Memory issues and unknown behaviour

Hi,
I am a beginner to CUDA programming and took a big leap on code but now I’m stuck on a really weird thing.

global void calc_hist(float *arr_b, float *arr_g, float *arr_r, float *histo_b, float *histo_g, float *histo_r, int window_size)
{
int i = blockIdx.x;
int x;
shared int temp_b[256];
shared int temp_g[256];
shared int temp_r[256];

if(i == 0)
{
	for( x = 0; x < 256; x++)
	{
		temp_b[x] = 0;
		temp_g[x] = 0;
		temp_r[x] = 0;
	}
}

printf("%d %d\n", (int)arr_b[i], temp_b[(int)arr_b[i]]);
atomicAdd( &(temp_b[(int)arr_b[i]]), 1);
atomicAdd( &(temp_g[(int)arr_g[i]]), 1);
atomicAdd( &(temp_r[(int)arr_r[i]]), 1);
__syncthreads();

// if(i == 0){
// for(int a = 0; a<256; a++)
// 	printf("%d ",temp_b[a]);
// printf("\n");
// }

atomicFloatAdd( &(histo_b[(int)arr_b[i]]), temp_b[(int)arr_b[i]] );
atomicFloatAdd( &(histo_g[(int)arr_g[i]]), temp_g[(int)arr_g[i]] );
atomicFloatAdd( &(histo_r[(int)arr_r[i]]), temp_r[(int)arr_r[i]] );

if(i == 0)
for(int a = 0; a<256; a++)
	printf("%f\n",histo_b[a]);

}

This is my custom function for histogram calculation.

device inline float atomicFloatAdd(float* address, float value)
{
// printf("%f\n",value);

float old = value;

float ret=atomicExch(address, 0.0f);

float new_old=ret+old;

while ((old = atomicExch(address, new_old))!=0.0f)

{

new_old = atomicExch(address, 0.0f);

new_old += old;

}
return ret;

}

And this is a custom atomic add for float, copied from somewhere.

The problem is, when I pass an array img_b to histogram function with values 1,4,7,10,13,16,19,22,25
It doesn’t increment histo_b at 16 and 19. Weird thing is, when I print values of histo_b to check this, I find out the above problem.

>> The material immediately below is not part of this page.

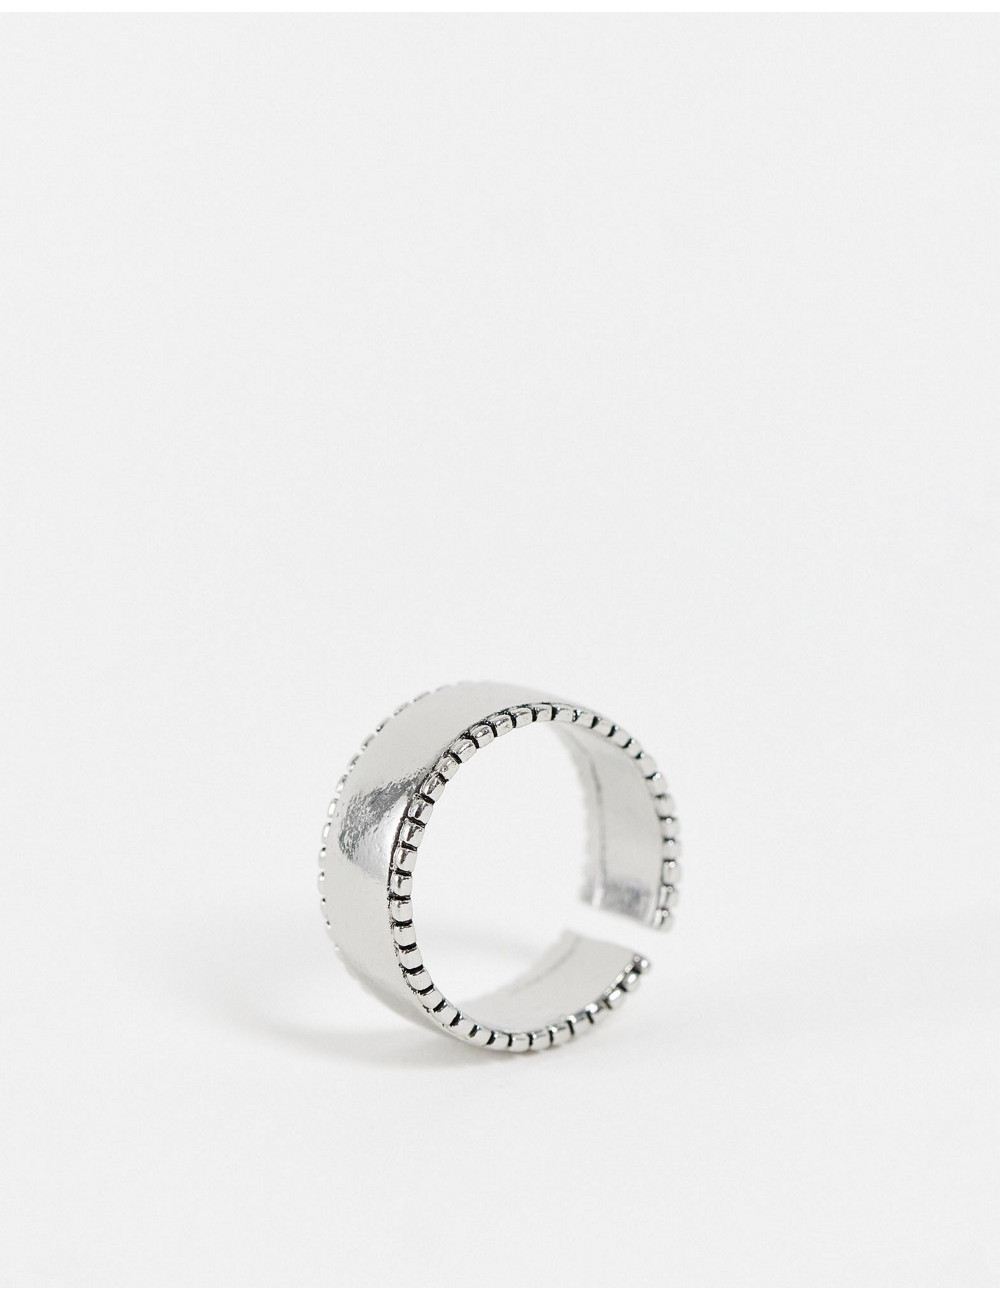 SVNX textured ring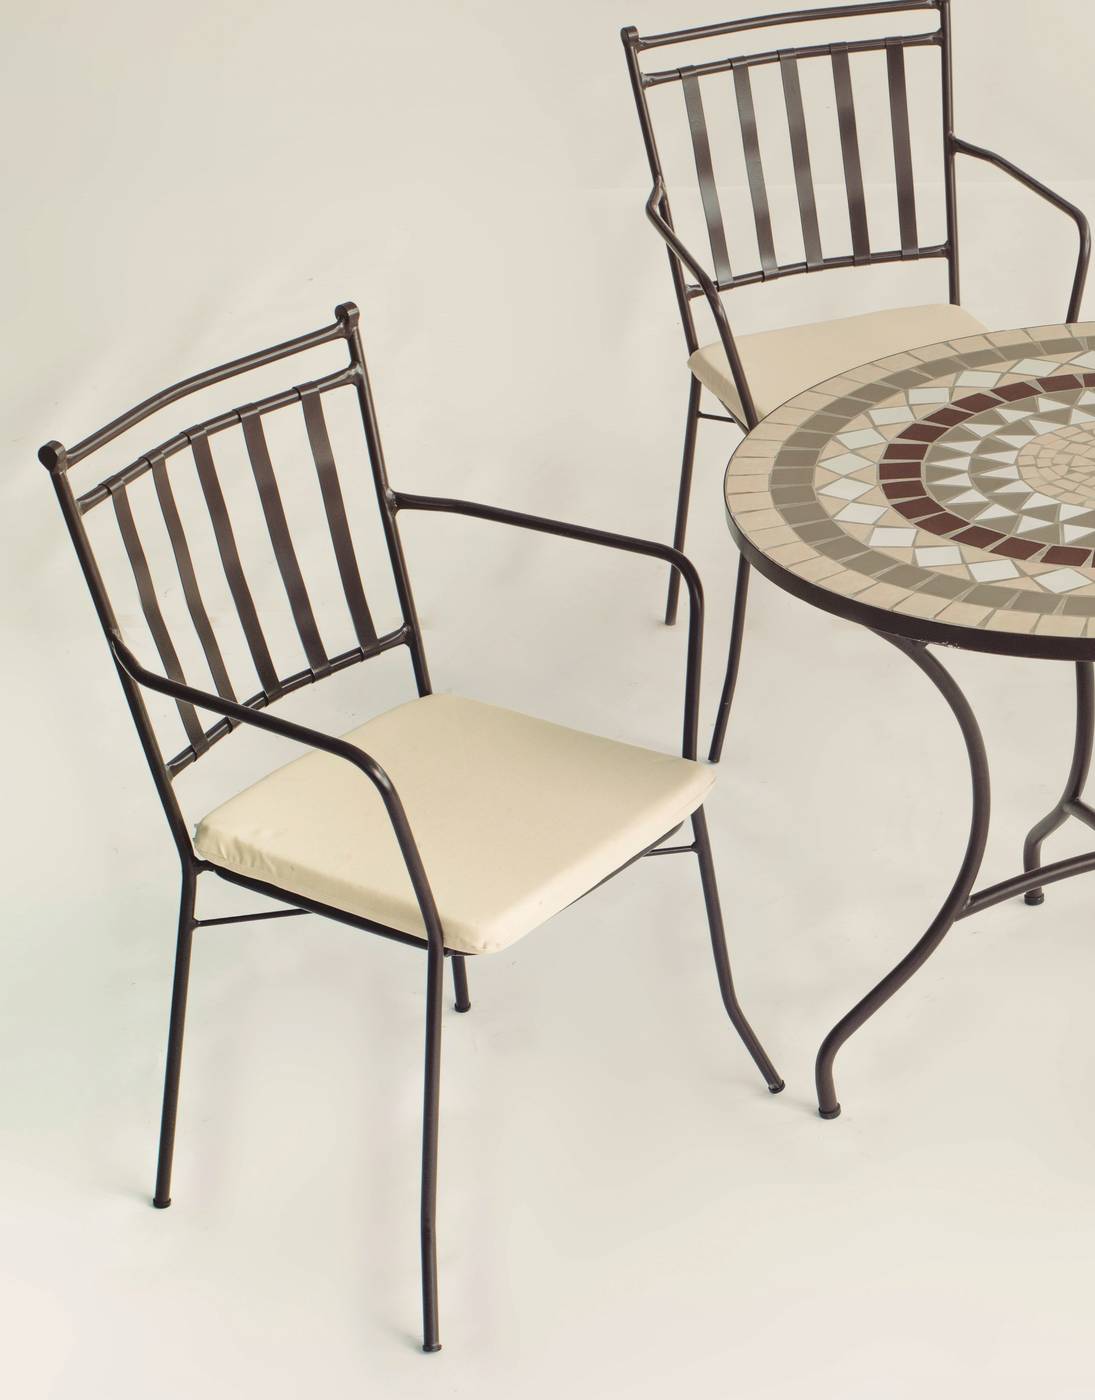 Conjunto Mosaico Laredo-Shifa - Conjunto de forja color bronce: mesa con tablero ovalado mosaico de 150 cm + 4 sillones con cojines.

But, if I don’t print them, but only count them, I get 9 increments. Also, If I just print incremented addresses and no. of increments, I get 8.

Please help :(

That is an odd attempt at atomic addition. No idea how that is supposed to work. Maybe “somewhere” isn’t the preferrential source for critical code?
You can derive better code from the double-precision example in Appendix 12 of the CUDA Programming Guide.

But why bother at all and not just use the built-in atomicAdd() function, which compiles straight to a single dedicated machine instruction?